WHAT TO PRODUCE: What are the lines, word for word, from the line with "Open Air 401" up to and including the line with "SERGIO ROSSI Black" in the records below? Omit the pictures.

DATA IN THIS EXERCISE:
┌────────

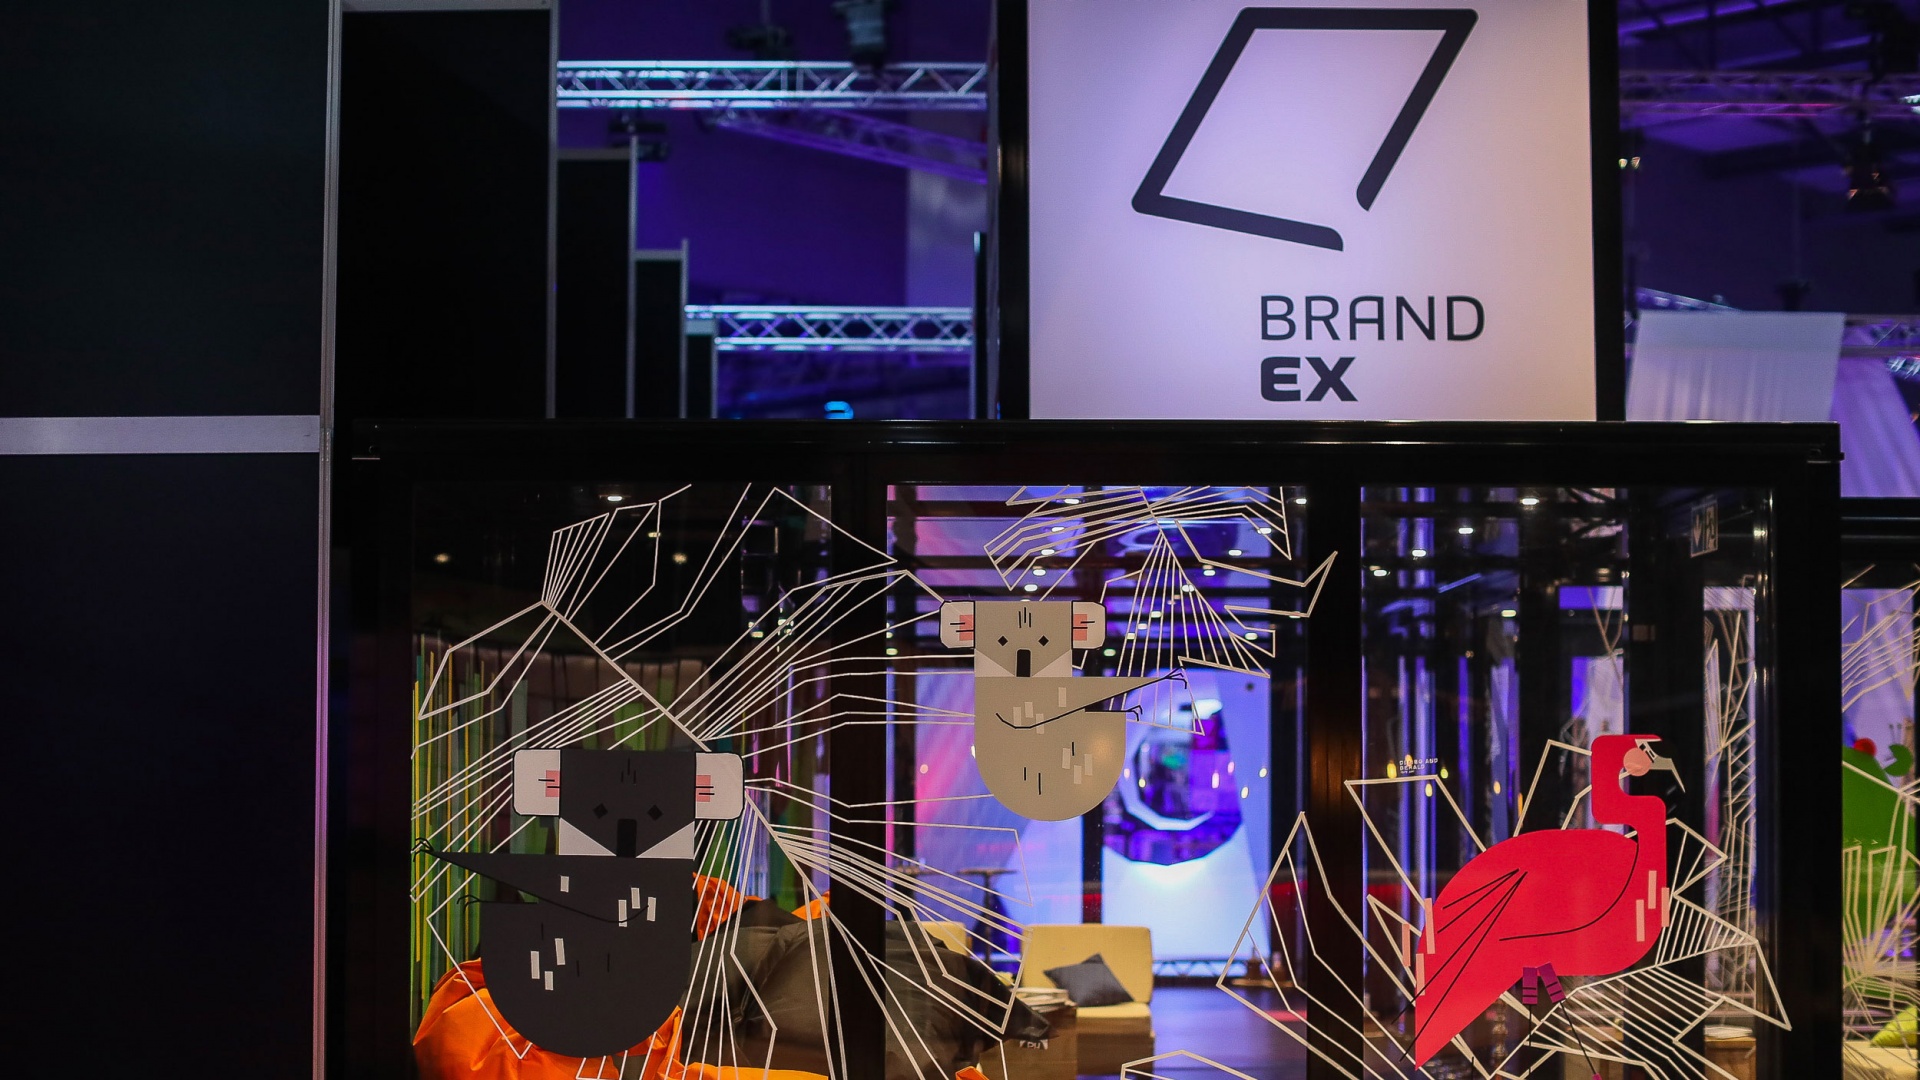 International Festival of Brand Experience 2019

└────────
┌────────

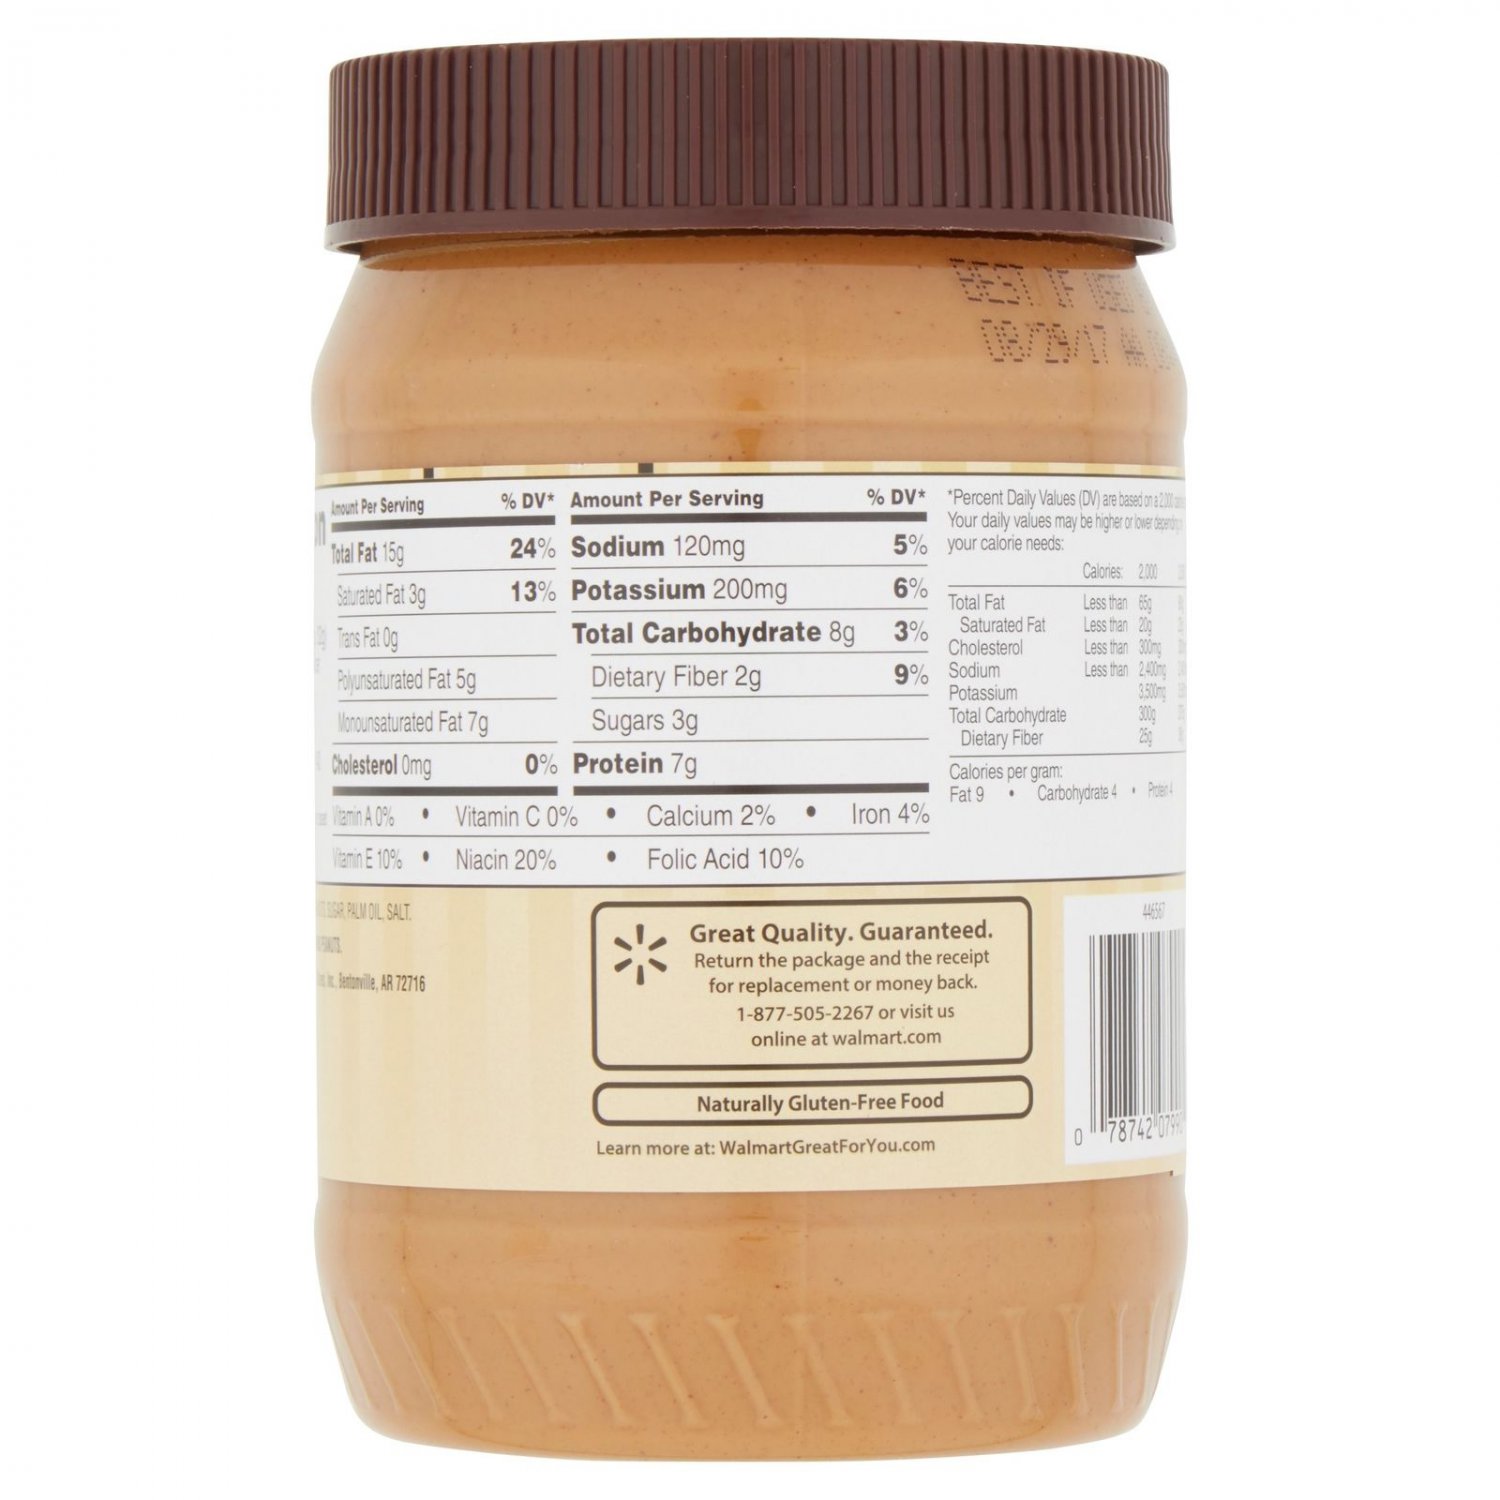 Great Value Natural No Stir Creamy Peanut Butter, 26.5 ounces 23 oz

└────────
┌────────

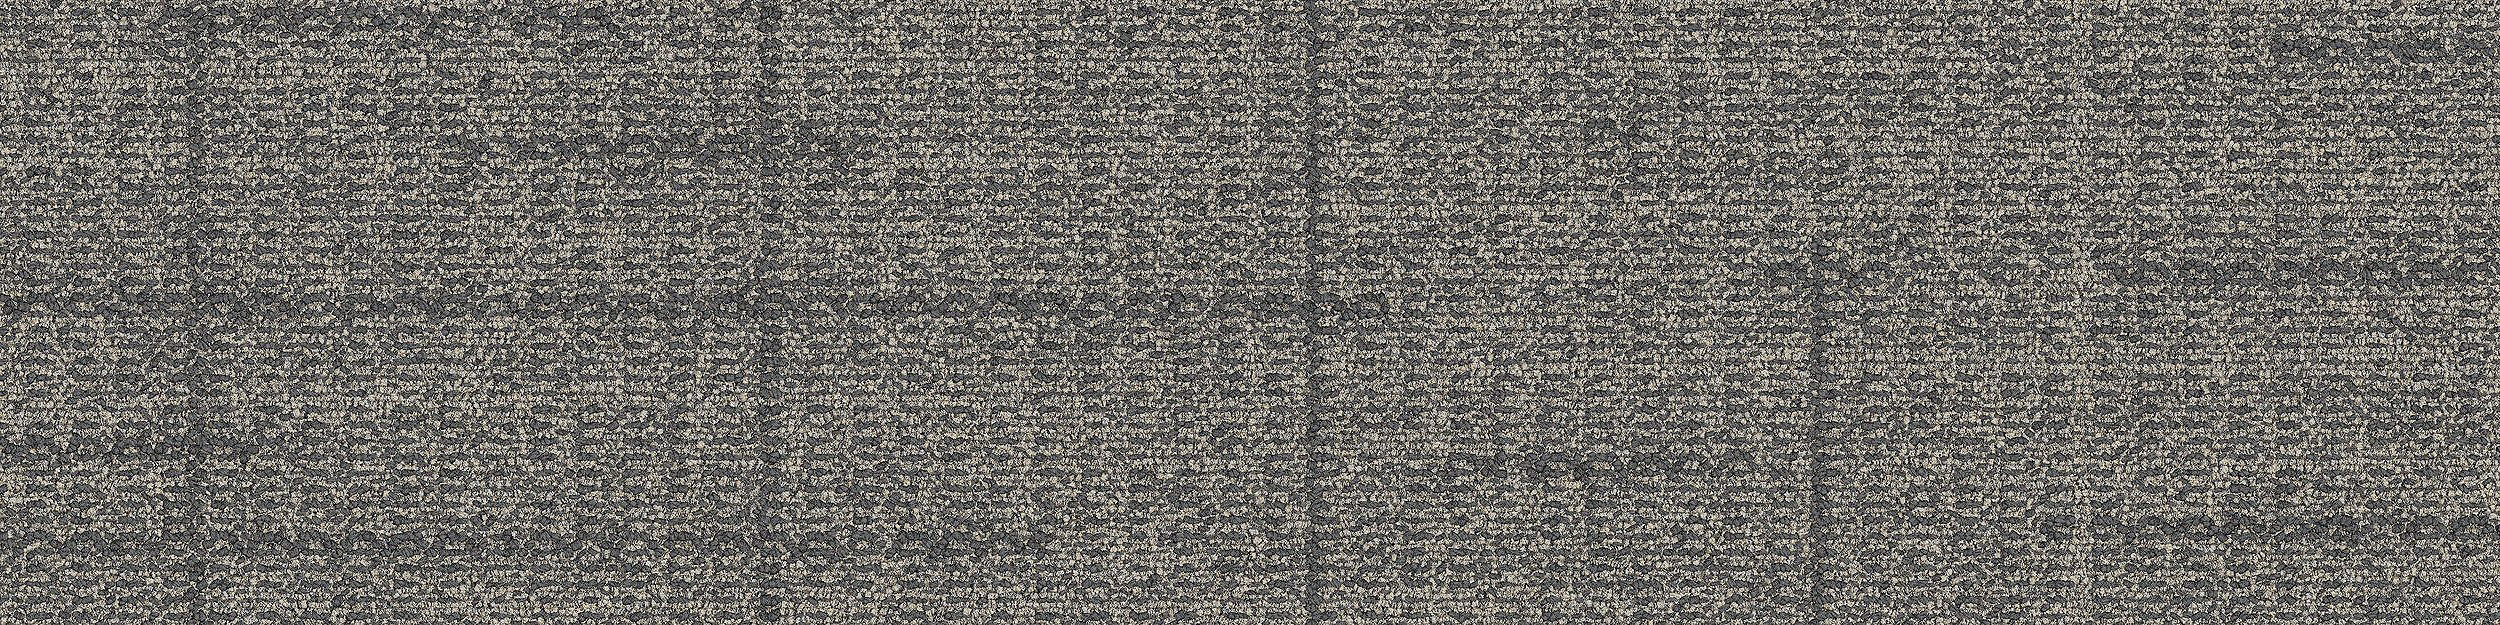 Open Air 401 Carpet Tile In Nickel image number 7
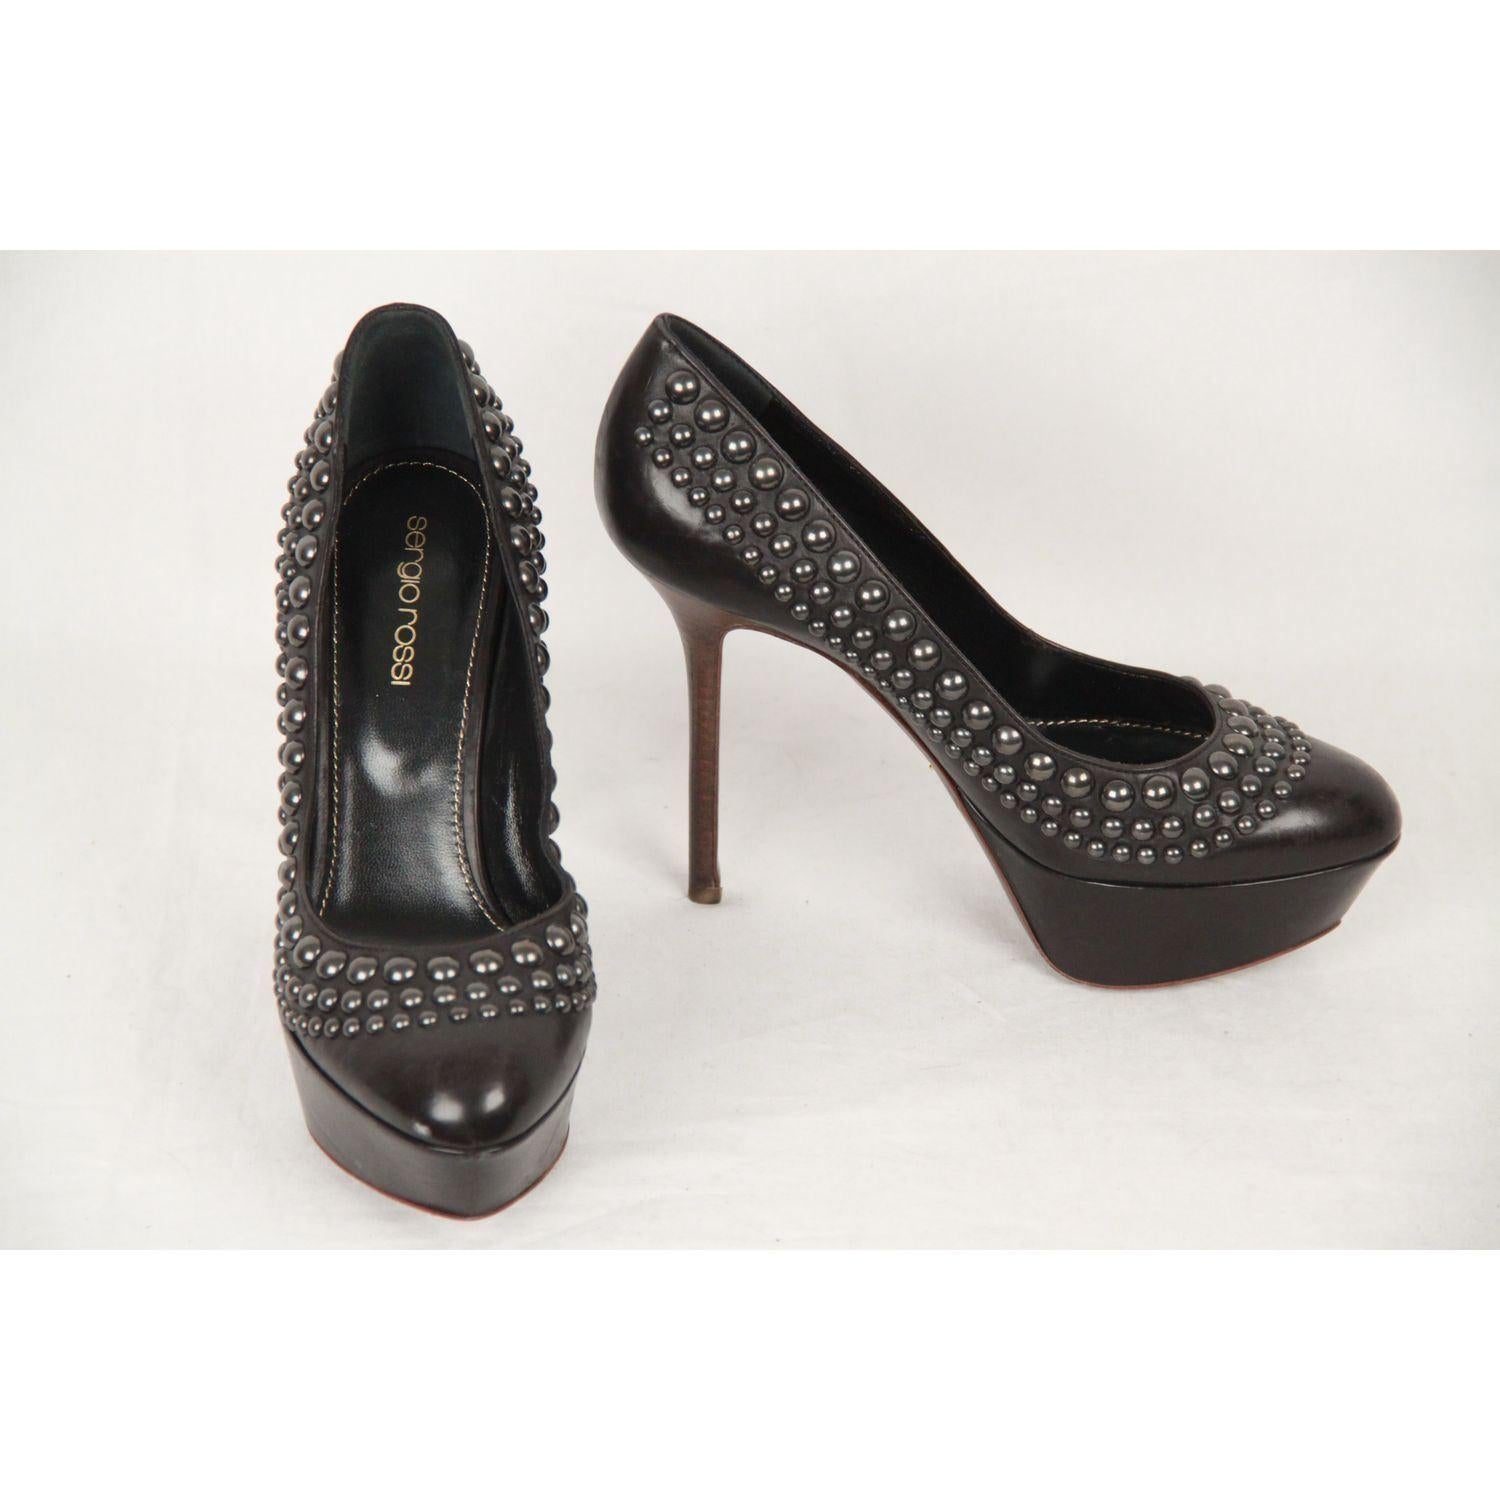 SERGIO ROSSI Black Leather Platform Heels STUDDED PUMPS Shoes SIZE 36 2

└────────

OUTPUT FOR THIS TASK:
 Open Air 401 Carpet Tile In Nickel image number 7
 SERGIO ROSSI Black Leather Platform Heels STUDDED PUMPS Shoes SIZE 36 2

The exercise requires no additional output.